FIG. 1A is a schematic perspective view of an oscillation system for a timepiece movement to which the present invention is applied. FIG. 1B is a schematic perspective view of an oscillation system for a timepiece movement to which the present invention is applied. FIG. 2A is a schematic view of a balance spring in which the outer end portion is bonded to the mustache using a photocurable adhesive. FIG. 2B is a schematic view of a balance spring in which the outer end portion is bonded to the mustache using a photocurable adhesive. FIG. 3 shows a watch balance spring with the final outer coil terminating in a plate that is thicker than the other coils of the balance spring, and the plate is provided with a notch to promote adhesive adhesion. It is.
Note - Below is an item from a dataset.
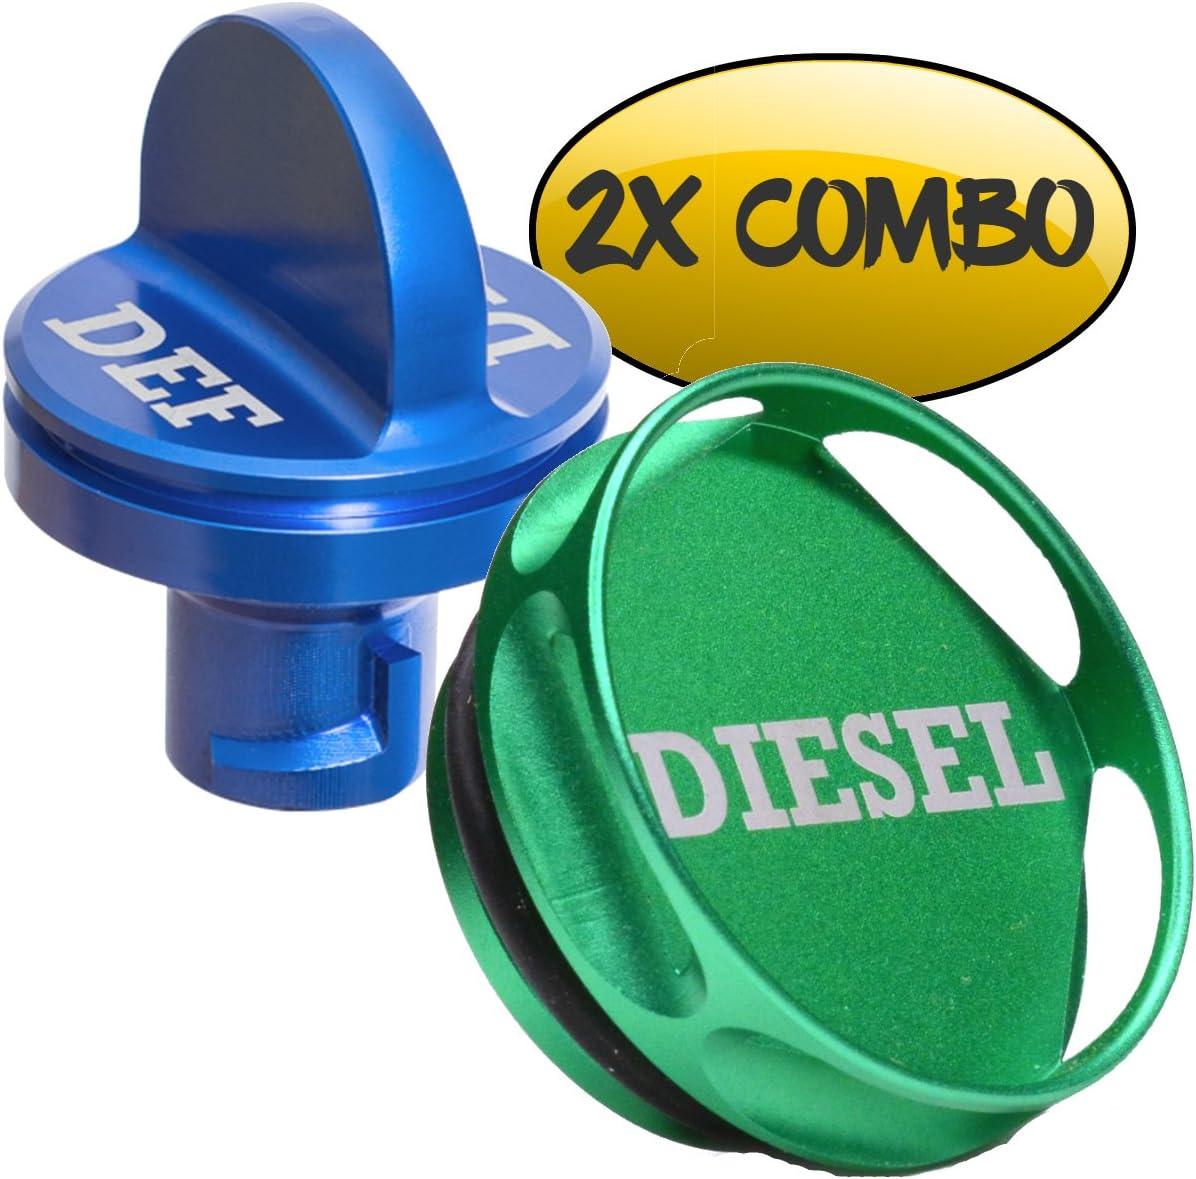 New Easy Grip Design Combo Pack Magnetic Diesel Fuel Cap /& DEF Cap for Dodge RAM Trucks Dodge Ram Diesel Trucks 1500 2500 3500 with 6.7 CUMMINS EcoDiesel 2013-2018

  The present invention originates from the general inventive concept, which consists of adhesively bonding the final outer coil of a balance spring with a flowable adhesive having a viscosity of 200 to 400 mPa · s. In fact, when adhesively bonding the final outer coil of a balance spring using, for example, a hot melt adhesive, the viscosity of the adhesive tends to cause the adhesive to move the balance spring away from its rest position. It has been observed that the viscosity is such that a capillary force is applied to the balance spring that has a tendency to induce mechanical stresses in the balance spring that have and significantly interfere with the accuracy of its speed. On the other hand, in the case of an adhesive having sufficient fluidity, even when the balance spring moves away from its stationary position at the moment when the adhesive is deposited, the balance spring is In addition, it can return spontaneously to its rest position without any stress. As a result, the speed accuracy of the balance spring is not affected by the action of adhesively bonding the balance spring to the mustache.

  According to a first variant embodiment of the invention, the adhesive used is a flowable adhesive that cures upon contact with air. According to a second variant embodiment of the invention, the flowable adhesive is an adhesive that cures under the influence of exposure to ultraviolet radiation.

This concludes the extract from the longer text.